Food and alcohol disturbance by athlete status: the roles of drive for thinness, drive for muscularity, and sex
Published in Journal of American College Health, 2021
Madeline Palermo, Emily M. Choquette, Erica Ahlich, Diana Rancourt
Athlete-specific hypotheses were not supported for FAD – Diet & Exercise, but an overall main effect did emerge such that greater drive for thinness was associated with more FAD – Diet & Exercise. This is consistent with previous eating disorder literature demonstrating drive for thinness as a risk factor for disordered eating behaviors.17,18 While drive for thinness has been observed in female athletes16 there is limited evidence to suggest that female athletes report higher drive for thinness than non-athletes.
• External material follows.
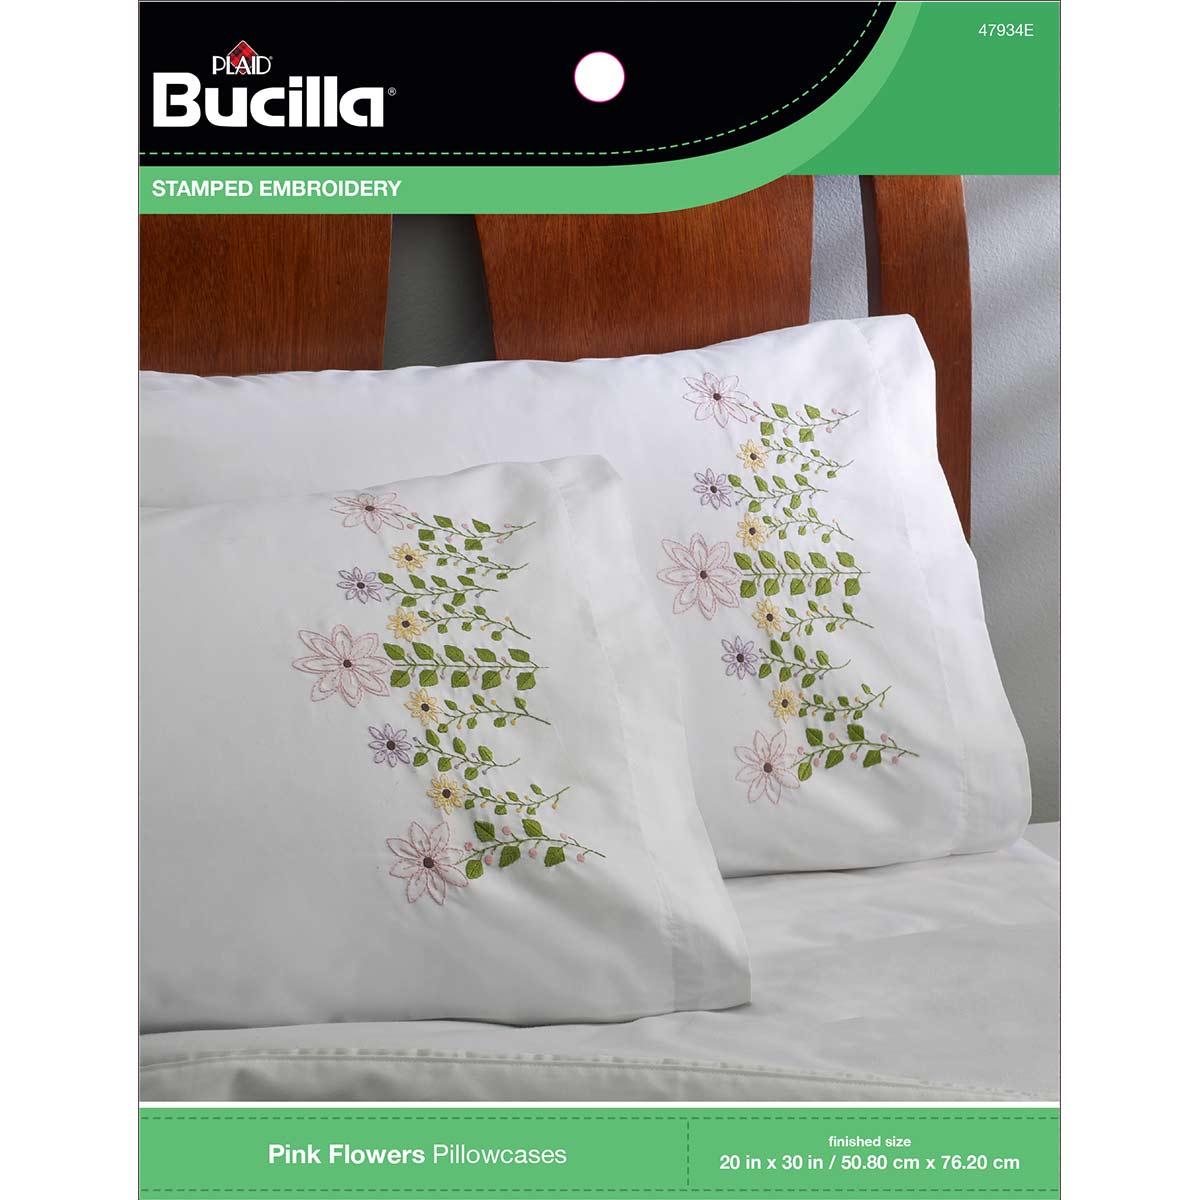 Bucilla ® Stamped Cross Stitch & Embroidery - Pillowcase Pairs - Pink Flowers - 47934E

Consistent with previous literature,40 in our sample both athletes and non-athletes endorsed similar levels of drive for thinness, which may explain why athlete status did not moderate this association. Additionally, some research suggests that participating in college athletics is protective against disordered eating behaviors,11,41,42 which may explain why our athlete-specific hypotheses were not supported. Although athletes may have been engaging in drinking behaviors, their status as an athlete may have reduced the likelihood that they would engage in disordered eating behaviors to compensate for the alcohol consumption. Another possibility is that athlete status may protect against engaging in drinking behaviors (and therefore protect against FAD) since athletes could be concerned about the impact of alcohol on their sport performance. While the FAD – Diet & Exercise behaviors are comparably the least maladaptive of the various FAD behaviors, more research is needed to understand the extent to which FAD-related diet and exercise behaviors are maladaptive (e.g., compulsive) and separate from athletes’ expected sport participation (e.g., additional unnecessary workouts).